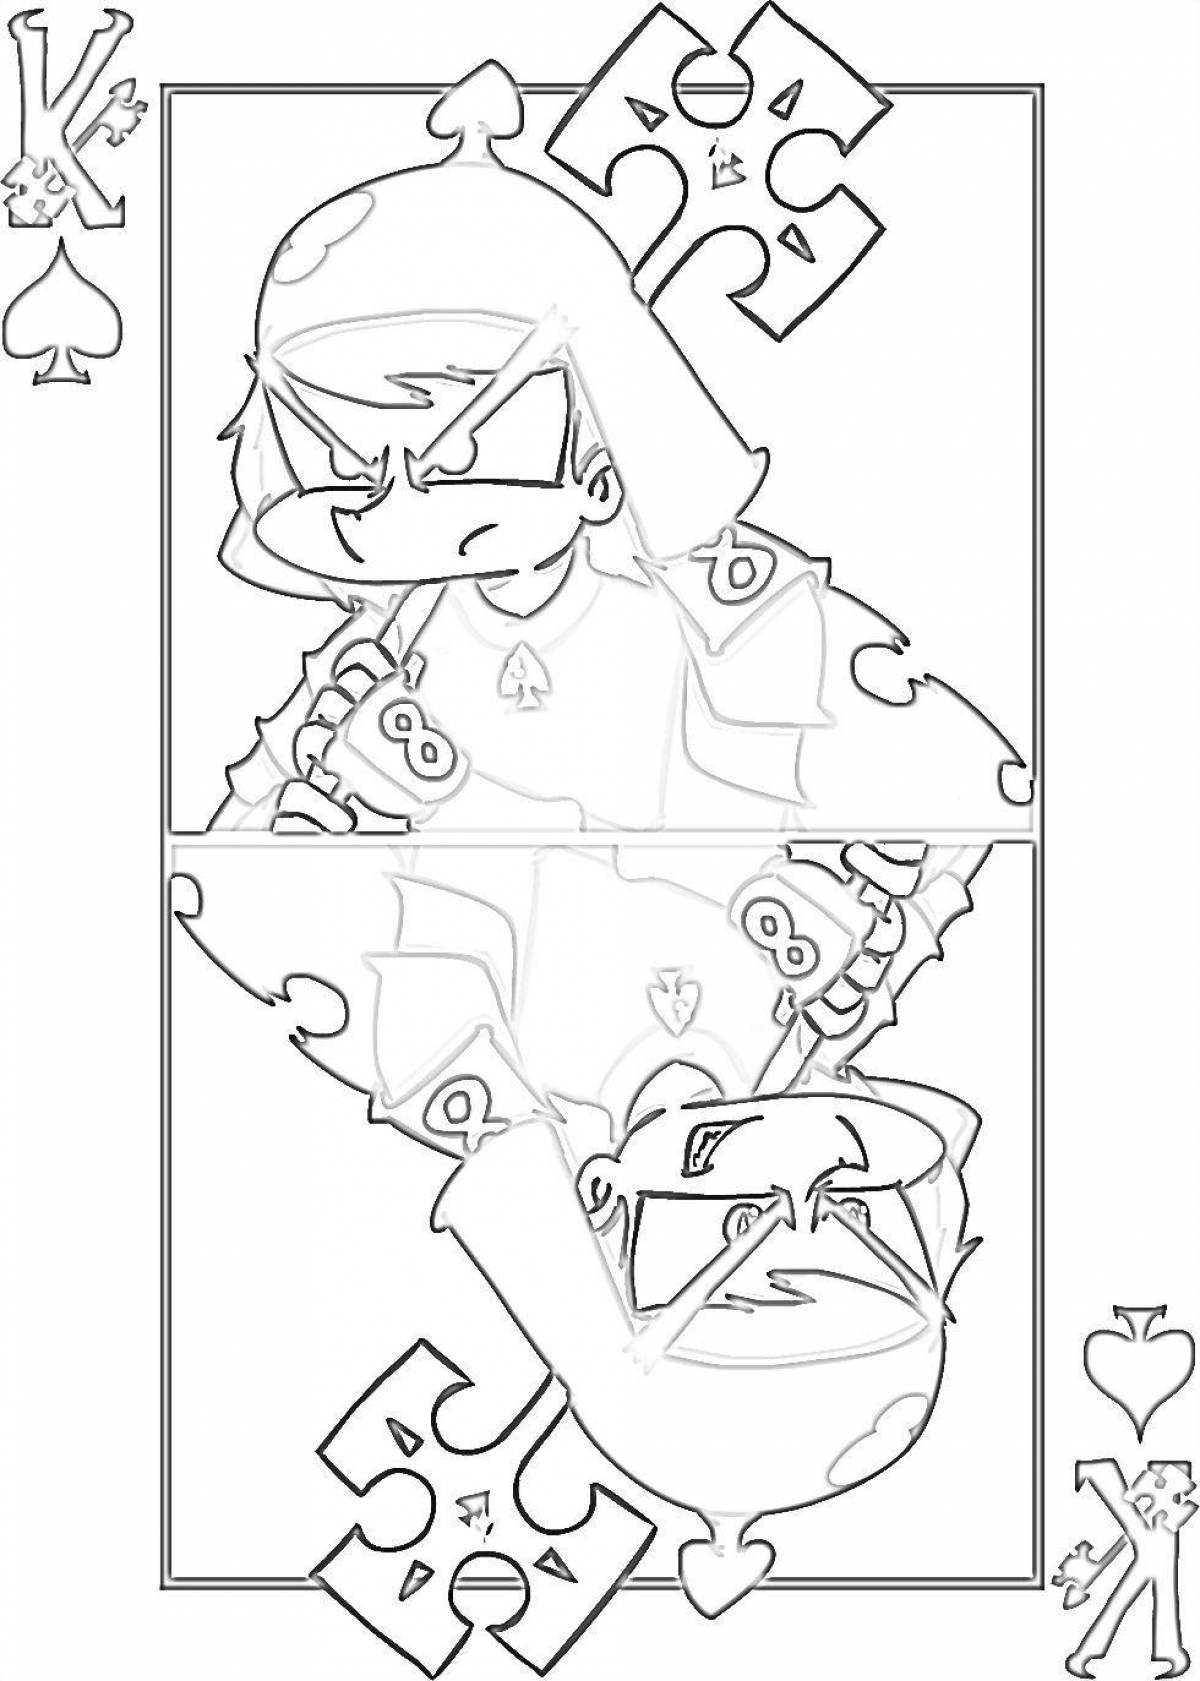 Увлекательная раскраска mafia 13 cards
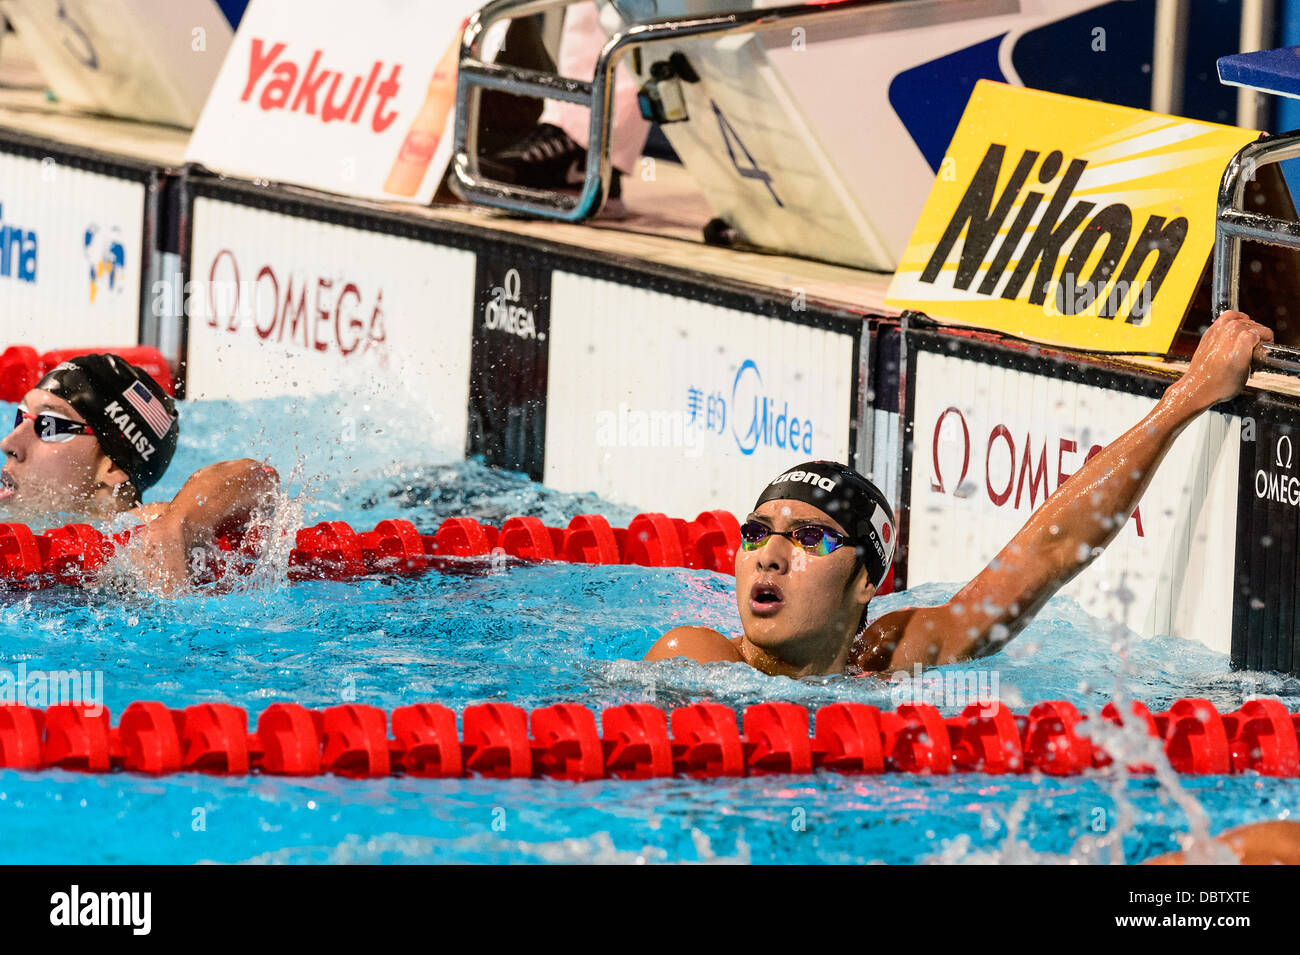 Barcelone, Espagne. Août 4th, 2013 : le Japon Seto Daiya vérifie les résultats de sélection après le men's 400m quatre nages individuel à la 15e finale des Championnats du Monde FINA à Barcelone. Credit : matthi/Alamy Live News Banque D'Images
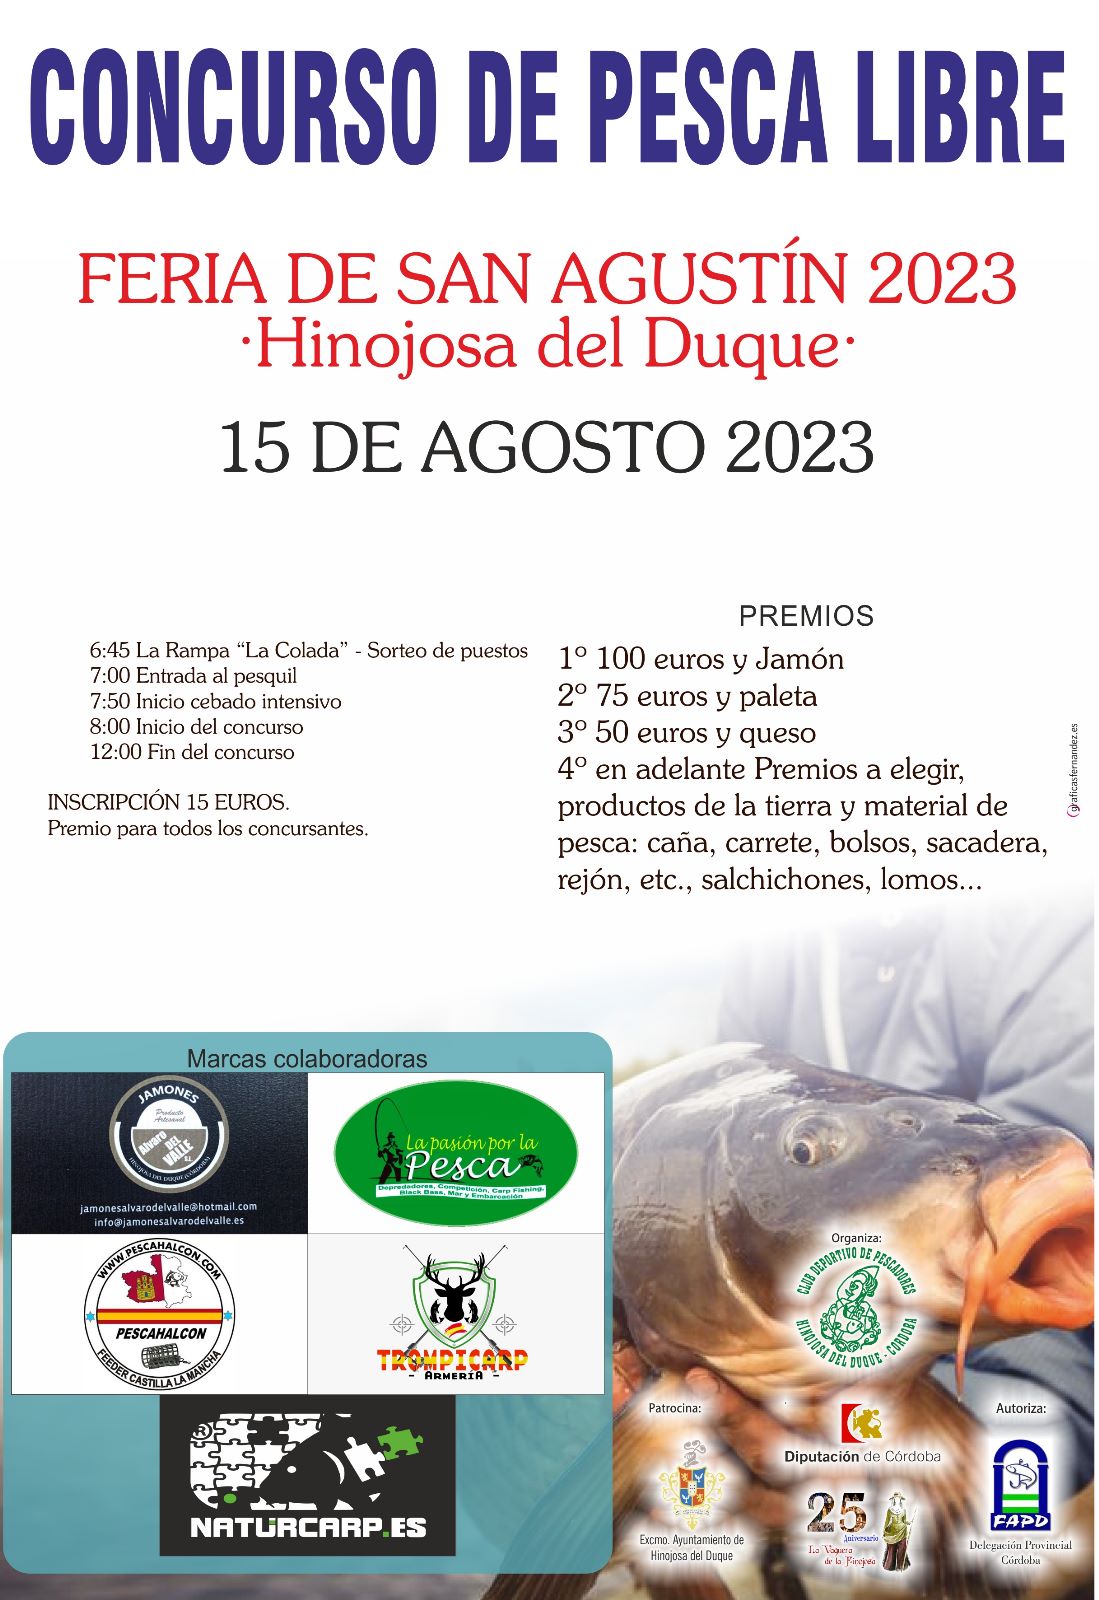 CARTEL CONCURSO DE PESCA LIBRE FERIA DE SAN AGUSTIN 2023

◆ ◆ ◆ ◆

EXERCISE DIRECTIONS - Repeat each line word for word, from the one with "Barcelone, Espagne. Août" down to the last line of the data, and keep the pictures out of it.

EXERCISE OUTPUT -
 Barcelone, Espagne. Août 4th, 2013 : le Japon Seto Daiya vérifie les résultats de sélection après le men's 400m quatre nages individuel à la 15e finale des Championnats du Monde FINA à Barcelone. Credit : matthi/Alamy Live News Banque D'Images
 CARTEL CONCURSO DE PESCA LIBRE FERIA DE SAN AGUSTIN 2023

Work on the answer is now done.